Figure 1. MRI spine. T2 mid-sagittal view at (A). Six weeks before first surgery (duroplasty + arachnolysis) (B). Four weeks before first surgery (C). One day before first surgery (D). CSF above (E). CSF below injury site. Arrows: white (CSF pulsation artefact), black (no CSF pulsation artefact), grey (injury site). D-Inset: CSF pressure simultaneously monitored during first surgery above and below the injury site; patient supine before dural opening. T2 mid-sagittal view (F). Two weeks after first surgery (G). One week before second surgery (more extensive duroplasty and arachnolysis) (H). Two months after second surgery.
First surgery: detethering of spinal cord and expansion duroplasty
Intra-operatively, there was pulsatile CSF above the injury compared with non-pulsatile CSF below at higher pressure ( inset). The dura was then opened with microsurgical arachnolysis and dissection done under the operating microscope. An expansion duroplasty was fashioned by suturing an artificial dural patch to the dural edges. The size of the duroplasty was limited below by the cross-connecting metal rod. Cord samples and CSF were obtained to refute the possibility of demyelination or vasculitis.
Post-operative course
Immediately, the patient reported restored sensation and total resolution of left arm neuropathic pain. In 2 weeks, his right sensory level descended to the injury site. This corresponded with resolution of the cord signal change on MRI (). Intra-operative CSF and serum samples showed no oligoclonal bands, no paraprotein and no demyelination (Serum IgG 5.9 g/L, IgA 0.8 g/L, IgM 0.2 g/L; CSF albumin 0.26 mg/L and CSF IgG 0.03 mg/L). The cord was gliotic and oedematous with prominent small and medium vascular channels with no chronic inflammatory infiltrates. Labelling for CD3 showed a moderate population of small T-cells. Immunohistochemistry for CD68 showed sheets of microglial cells and activated macrophages. Immunostaining for GFAP confirmed brisk reactive gliosis in keeping with the histological findings of PTS.Citation14 Post-operative ASIA testing at 2 weeks demonstrated sensory improvement, T5 sensory level on the right and C6 on the left. He was discharged at 2 weeks following inpatient rehabilitation.
First relapse and shunt treatment
One month following discharge, the ascending sensory symptoms recurred with MRI demonstrating ascending T2 hyper-intense cord signal change similar to his original MRI. The patency of the duroplasty could not be ascertained due to metal artefact. We performed a shunt procedure, bridging the injury site (aiming to equalise the CSF pressures above and below) with a lumbar-peritoneal shunt with initial clinical improvement, particularly in the left arm sensory symptoms.
Second relapse and re-do detethering of spinal cord with expansion duroplasty
A further symptomatic recurrence at 1 month, prompted further MRI that showed new, marked T2 signal change in the cervical spinal cord up to C1 (). Further surgery was undertaken. We removed the metalwork to allow space for a more extensive duroplasty. After durotomy, we found that the injured cord had re-tethered, thus obstructing CSF flow. Extensive arachnolysis and a larger duroplasty were performed. His symptoms improved immediately with dramatic MRI change to normal cervical cord that has persisted to date (). On each admission, we noted episodes of fever, with no infective focus identified. At 1-year post-expansion duroplasty, the patient remains asymptomatic, and has returned to baseline function. His quality of life is much improved with marked resolution of previous severe pain and his mobility enhanced with a power add-on to his wheelchair. Serial MRI spine scans reveal persistent resolution of cord signal change, and he has been discharged.
Discussion
We described a previously unreported phenotype of delayed neurological deterioration in TSCI, for which we propose the term chronic relapsing ascending myelopathy (CRAM). CRAM is treatable by cord detethering and expansion duroplasty that results in resolution of symptoms.

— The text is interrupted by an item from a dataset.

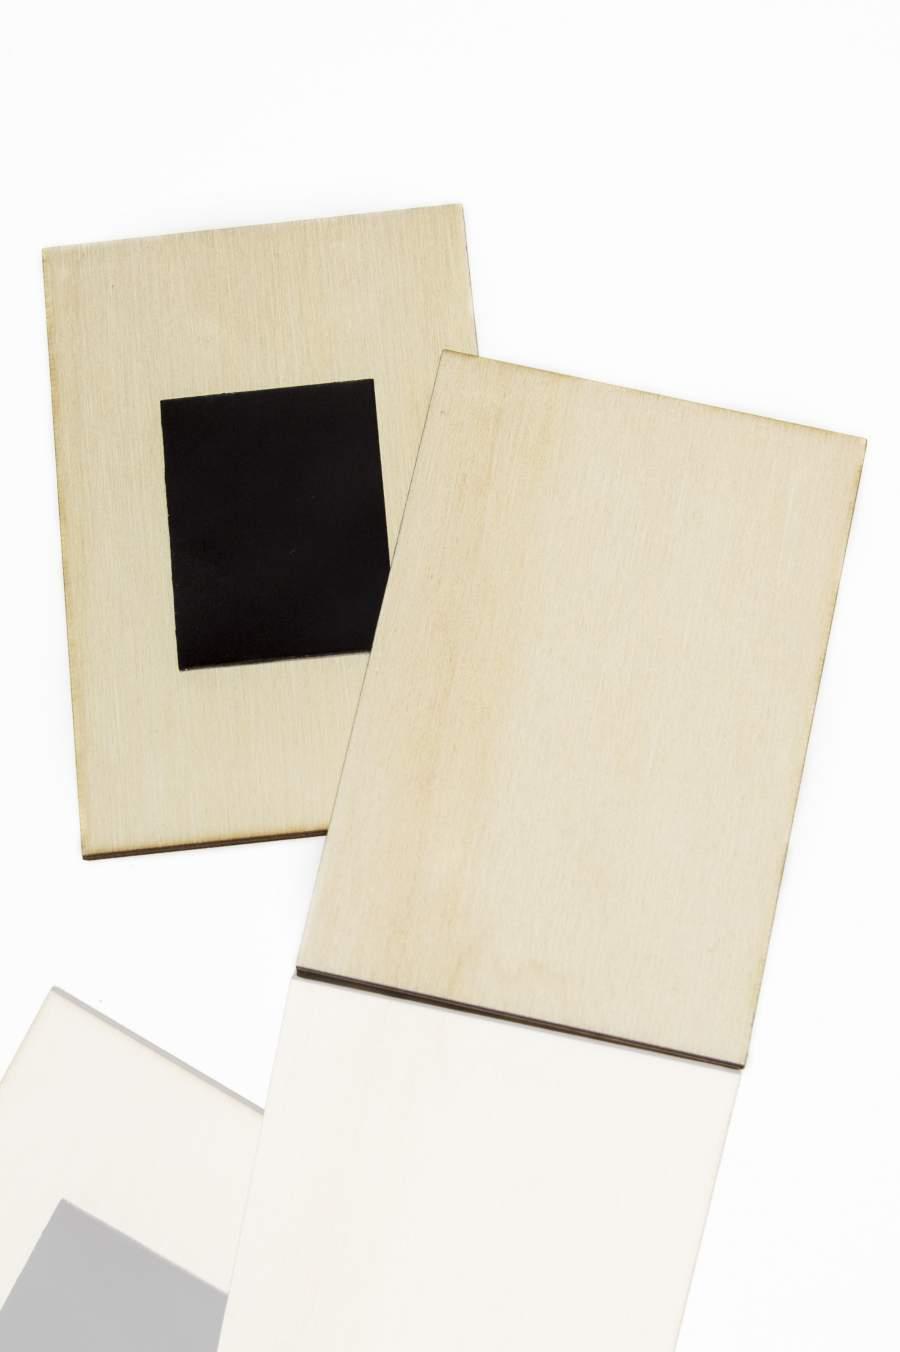 102. Placă din lemn pentru magnet frigider, felie dreptunghiulară 90x60mm

What causes CRAM? The higher CSF pressure and lack of CSF pulsation artefact below the injury and the adhesions obstructing CSF flow around the injury site, evident intra-operatively, favour a mechanical aetiology. Demyelination and vasculitis are unlikely given the lack of CSF oligoclonal bands and the cord histological findings primarily showing gliosis. Adhesions at the injury site may result from blood products accumulating in the dependent positionCitation15 causing progressive cord tethering to the dura. We propose that SPAM, CRAM and PTS lie on the same spectrum; which one occurs may depend on how long it takes for the adhesions to obliterate the CSF space around the injured cord. It is unclear whether SPAM and CRAM are pre-syrinx states. Fast onset with generally severe, even fatal, symptoms may lead to SPAM, sub-acute with generally less severe symptoms to CRAM and delayed onset often sub-clinical to PTS.
We think it is appropriate to label this CRAM because the name accurately describes the condition. It is Chronic, because it does not satisfy the criteria for sub-acute as described for SPAM (1–4 weeks). It is Relapsing, the cause of which may be either inadequate initial surgery or progressive scarring or another reason. It is Ascending because the MRI signal change spreads cranially from the injury site. And it is obviously a Myelopathy. Once the adhesions have occluded the CSF space around the cord, two non-communicating CSF compartments form (above + below injury site) with CSF pulsation above but not below, evident on MRI. The differential CSF pressures may drive CSF entry into the cord causing SPAM, CRAM or PTS. Flexion-extension of the neckCitation8 and cardiac pulsationsCitation15 normally cause the cord to move cranio-caudally. After cord tethering, such movements may become restricted causing stress forces in the cord that lead to progressive neurological damage. Interestingly, our patient also had non-infective fever, as reported in SPAM, which is likely neurogenic.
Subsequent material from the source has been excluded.